Figuur 4. MS chromatogram van een steekproef van runderserumalbumine verwerkt door digitale microfluidics. 25 verschillende peptiden werden geïdentificeerd (99,9% betrouwbaarheidsinterval) met betrekking tot een reeks dekking van 44%.

Discussion

Het ontbreken van gestandaardiseerde monsters behandeling en verwerking in proteomics is een grote beperking voor het veld. Daarnaast, conventionele macroschaal behandelen van het monster bestaat uit meerdere containers en oplossing transfers, wat kan leiden tot verlies en vervuiling monster. Een mogelijke oplossing voor deze problemen is om geïntegreerde systemen vormen voor het monster verwerking vertrouwen op digitale microfluidics ¹ (DMF). In eerdere werk, werd DMF aangetoond dat nuttig zijn voor het efficiënt verwijderen van ongewenste contaminanten in heterogene eiwit-bevattende oplossingen. ² Op dezelfde manier werd DMF aangetoond dat compatibel is met de integratie van meerstaps oplossing fase verwerking (reductie, alkylering en de spijsvertering) worden op een geïntegreerde het apparaat. ³ Hier hebben we aangetoond een volledig geïntegreerd systeem met automatische controle voor droplet eiwitextractie door precipitatie, gevolgd door oplossing-fase verwerking.

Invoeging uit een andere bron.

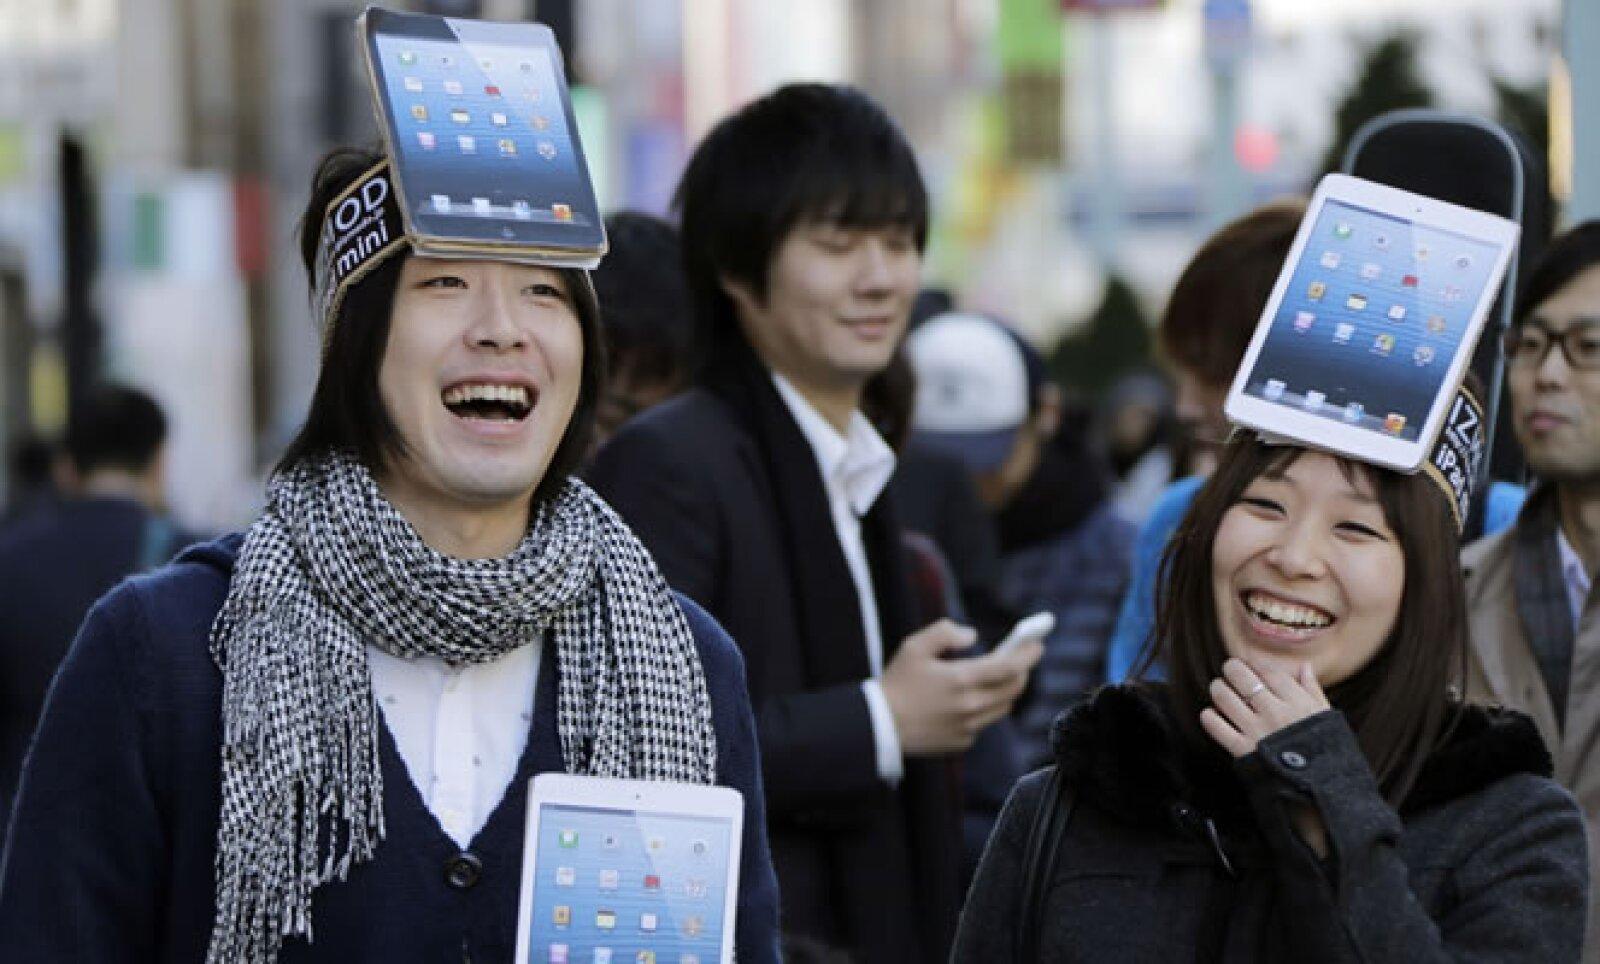 Kota Suzuki y Mio Kawa, listos en la fila para comprar la iPad mini la mañana del viernes en Tokio.

We speculeren dat als methoden, zoals deze zijn ingang vindt, de menselijke fouten die inherent zijn aan de verwerking van proteomics monster kan grotendeels worden geëlimineerd, wat resulteert in analyses met een betere reproduceerbaarheid. In het kort stellen wij voor dat DMF het potentieel voor die nuttig zijn voor een brede dwarsdoorsnede van toepassingen heeft, zoals de voorwaarden nauwkeurig kan worden gedupliceerd in een laboratorium in de wereld.